*PROVIDED DATA*.
"""

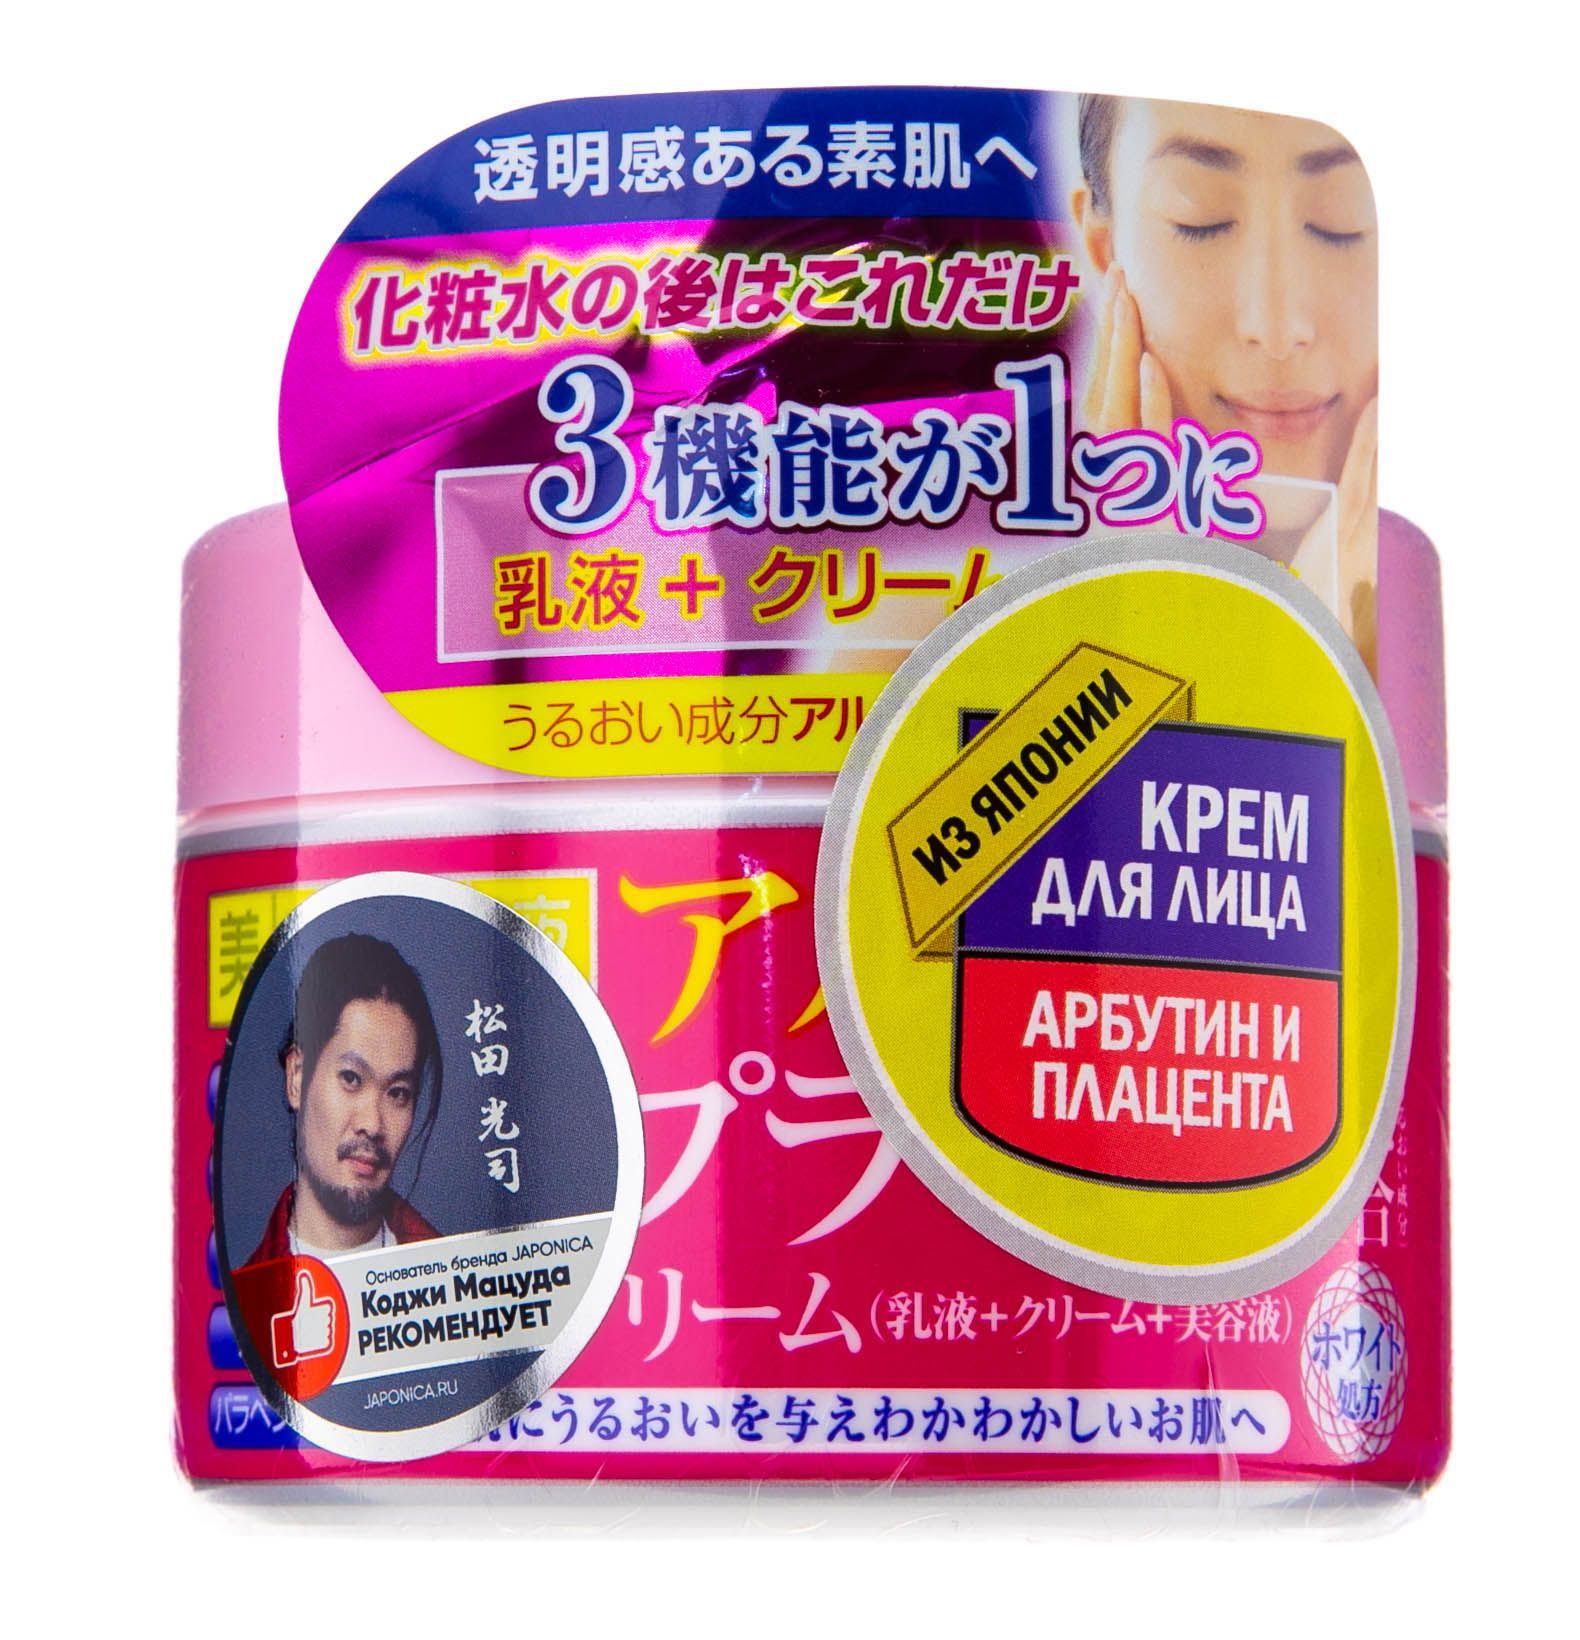 Cosmetex Roland Biyou-Geneki Крем для лица 3 в 1 улучшающий цвет кожи с арбутином и экстрактом плаценты 180 гр
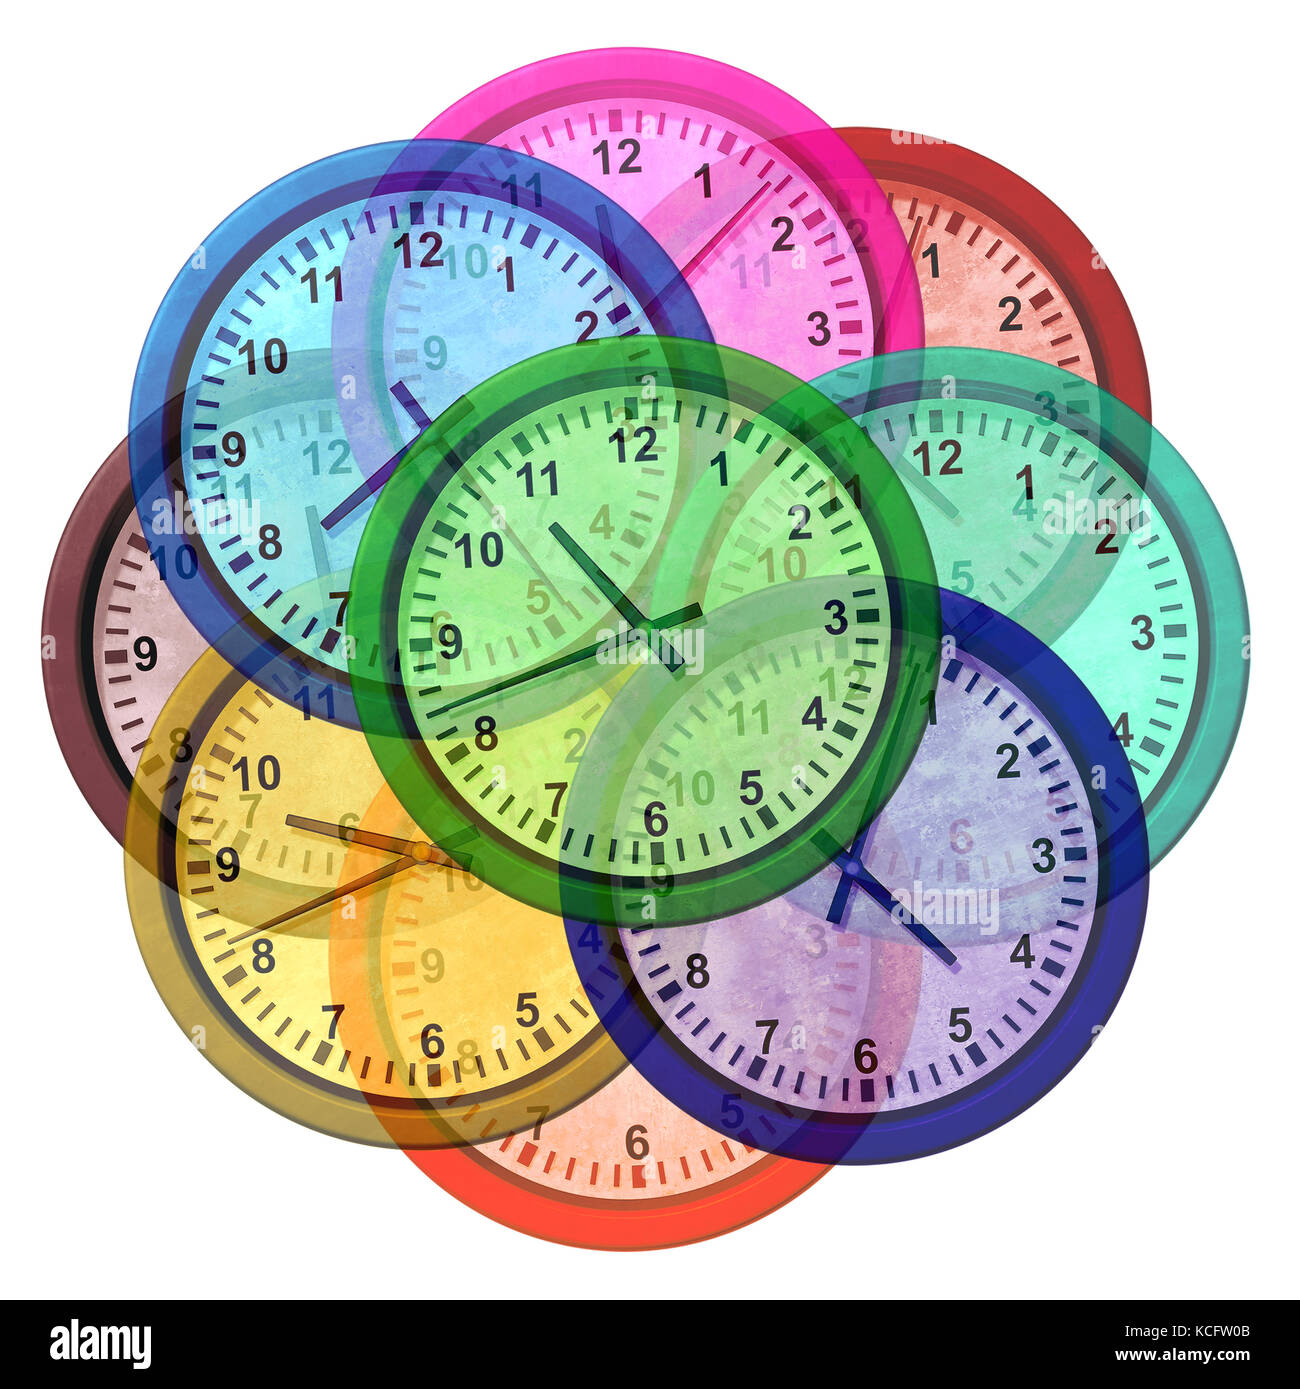 Orologi del fuso orario e simbolo di viaggi d'affari nel mondo come un gruppo di icone dell'orologio che rappresentano diverse città internazionali come pechino, New york. Foto Stock
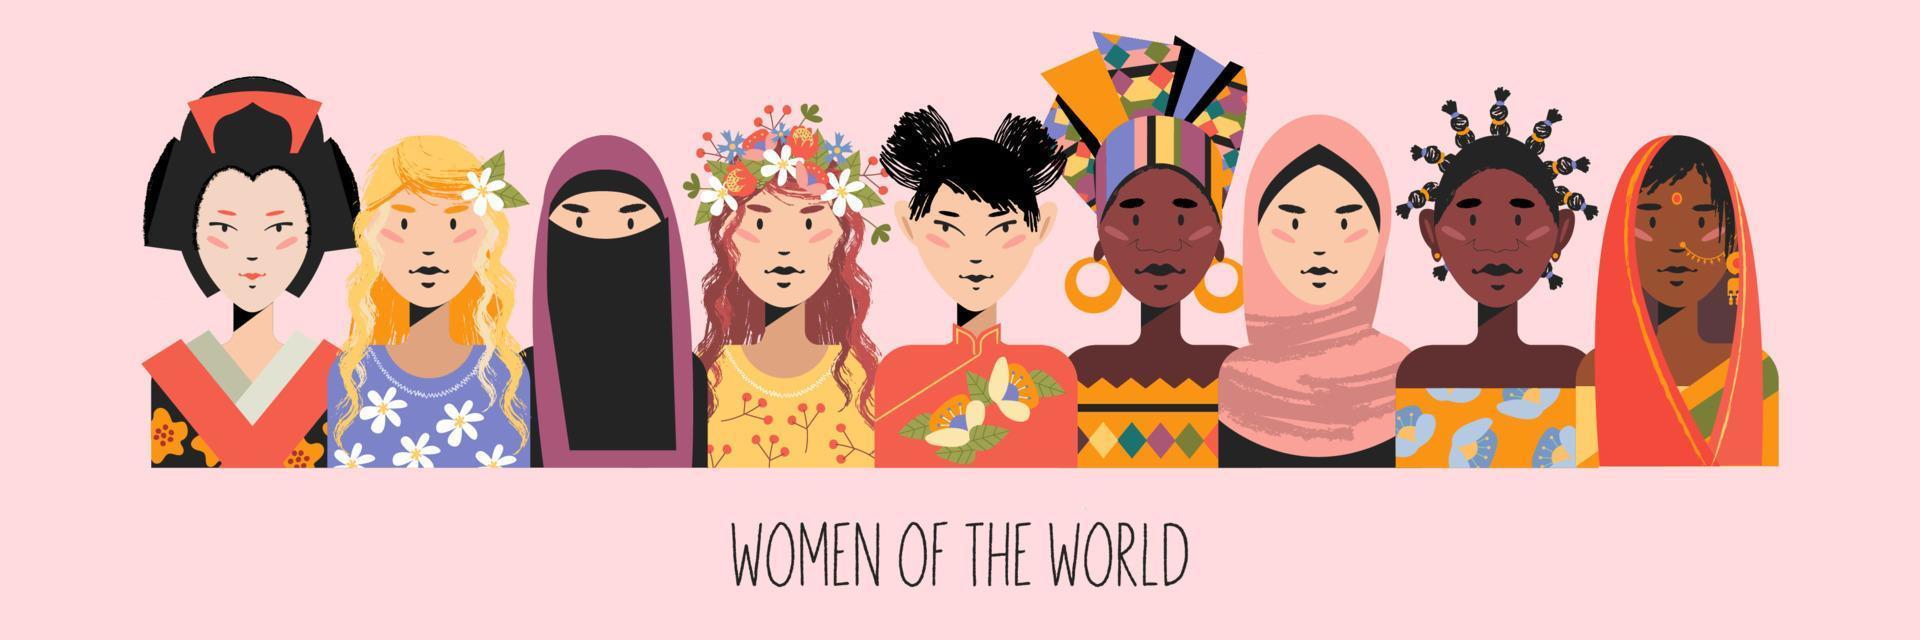 mulheres de todo o mundo. mulheres em trajes tradicionais. ilustração vetorial. vetor

"""

*WHAT THE TASK ASKS*.
Exclude every picture and restate the listing word for word.

*EXERCISE RESULT*.
 Cosmetex Roland Biyou-Geneki Крем для лица 3 в 1 улучшающий цвет кожи с арбутином и экстрактом плаценты 180 гр
 Orologi del fuso orario e simbolo di viaggi d'affari nel mondo come un gruppo di icone dell'orologio che rappresentano diverse città internazionali come pechino, New york. Foto Stock
 mulheres de todo o mundo. mulheres em trajes tradicionais. ilustração vetorial. vetor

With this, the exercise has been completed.